It was blowing so hard, high up there in the exposed place, that the only way to be safe was to stand nailed by the wind to the wall of the tower. At their feet fell the precipice where the limestone was quarried away. Below was a jumble of hills and tiny villages—Matlock, Ambergate, Stoney Middleton. The lads were eager to spy out the church of Bestwood, far away among the rather crowded country on the left. They were disgusted that it seemed to stand on a plain. They saw the hills of Derbyshire fall into the monotony of the Midlands that swept away South.

Miriam was somewhat scared by the wind, but the lads enjoyed it. They went on, miles and miles, to Whatstandwell. All the food was eaten, everybody was hungry, and there was very little money to get home with. But they managed to procure a loaf and a currant-loaf, which they hacked into pieces with shut-knives, and ate sitting on the wall near the bridge, watching the bright Derwent rushing by, and the brakes from Matlock pulling up at the inn.
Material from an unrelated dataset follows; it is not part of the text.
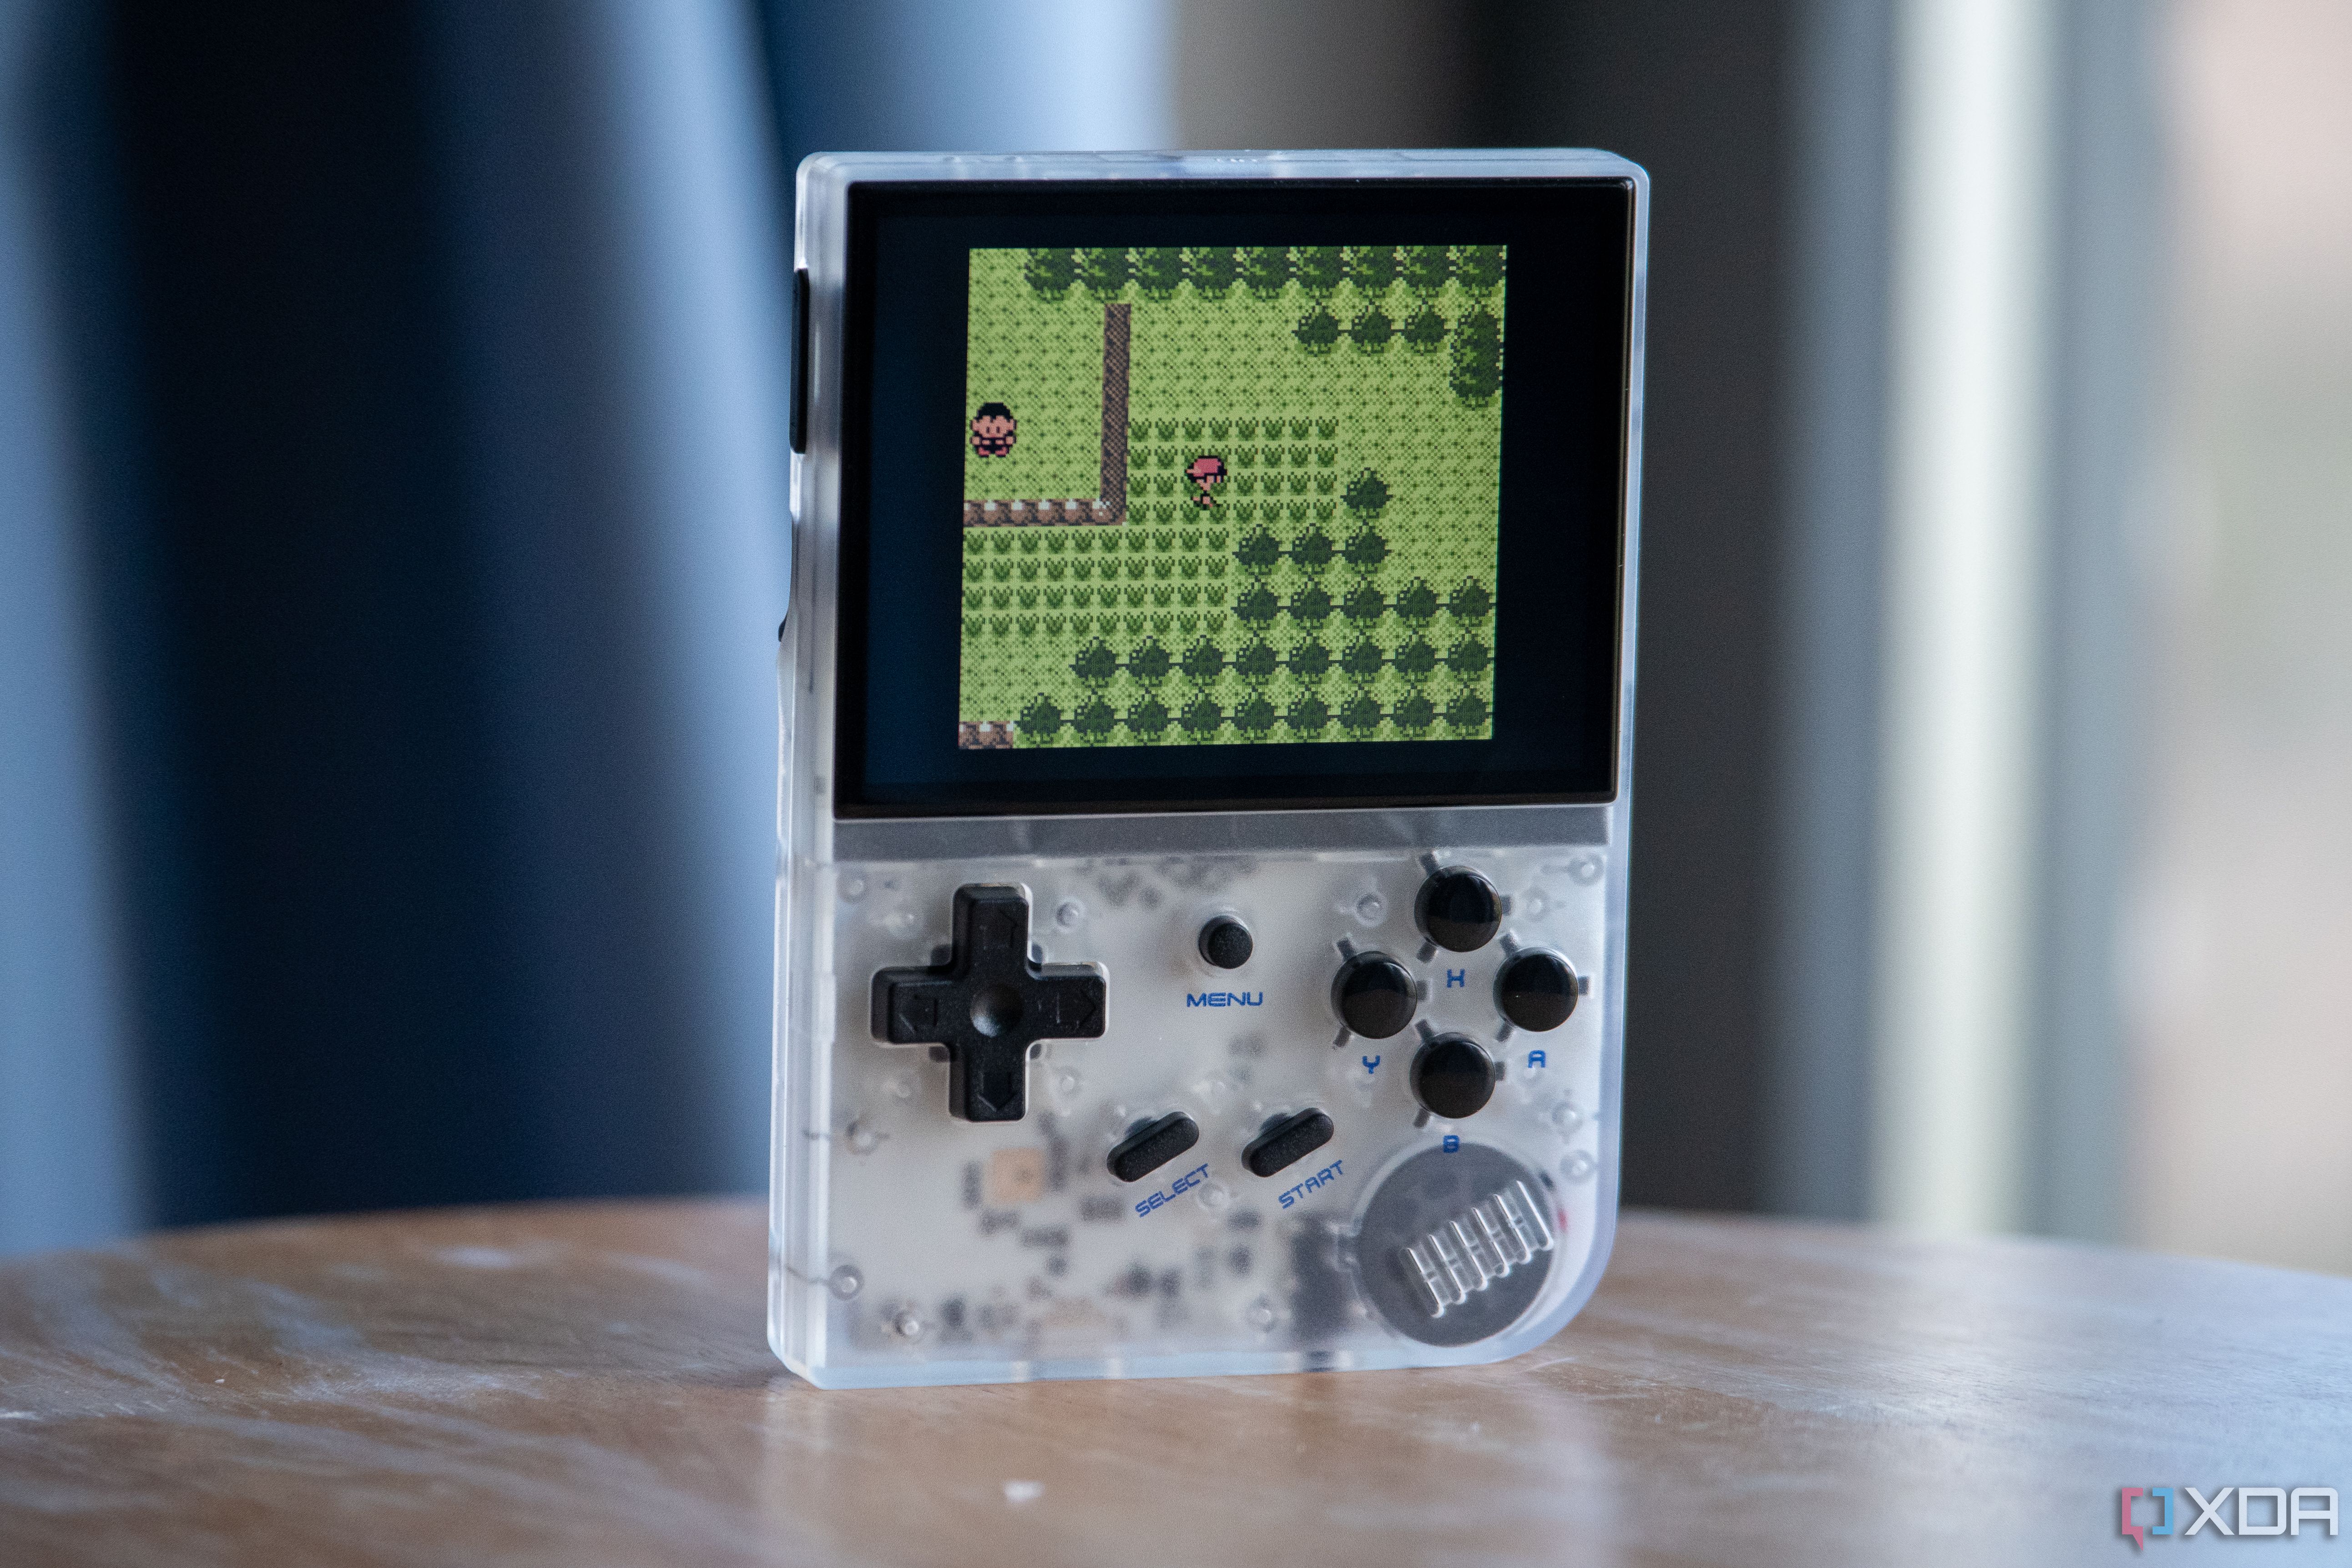 Anbernic RG35XX on a table, showing front buttons and Pokemon running on it

Paul was now pale with weariness. He had been responsible for the party all day, and now he was done. Miriam understood, and kept close to him, and he left himself in her hands.
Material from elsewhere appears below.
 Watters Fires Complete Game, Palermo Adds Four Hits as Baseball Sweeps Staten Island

They had an hour to wait at Ambergate Station. Trains came, crowded with excursionists returning to Manchester, Birmingham, and London.

"We might be going there—folk easily might think we're going that far," said Paul.

They got back rather late. Miriam, walking home with Geoffrey, watched the moon rise big and red and misty. She felt something was fulfilled in her.

She had an elder sister, Agatha, who was a school-teacher. Between the two girls was a feud. Miriam considered Agatha worldly. And she wanted herself to be a school-teacher.

One Saturday afternoon Agatha and Miriam were upstairs dressing. Their bedroom was over the stable. It was a low room, not very large, and bare. Miriam had nailed on the wall a reproduction of Veronese's "St. Catherine." She loved the woman who sat in the window, dreaming. Her own windows were too small to sit in. But the front one was dripped over with honeysuckle and Virginia creeper, and looked upon the tree-tops of the oak-wood across the yard, while the little back window, no bigger than a handkerchief, was a loophole to the east, to the dawn beating up against the beloved round hills.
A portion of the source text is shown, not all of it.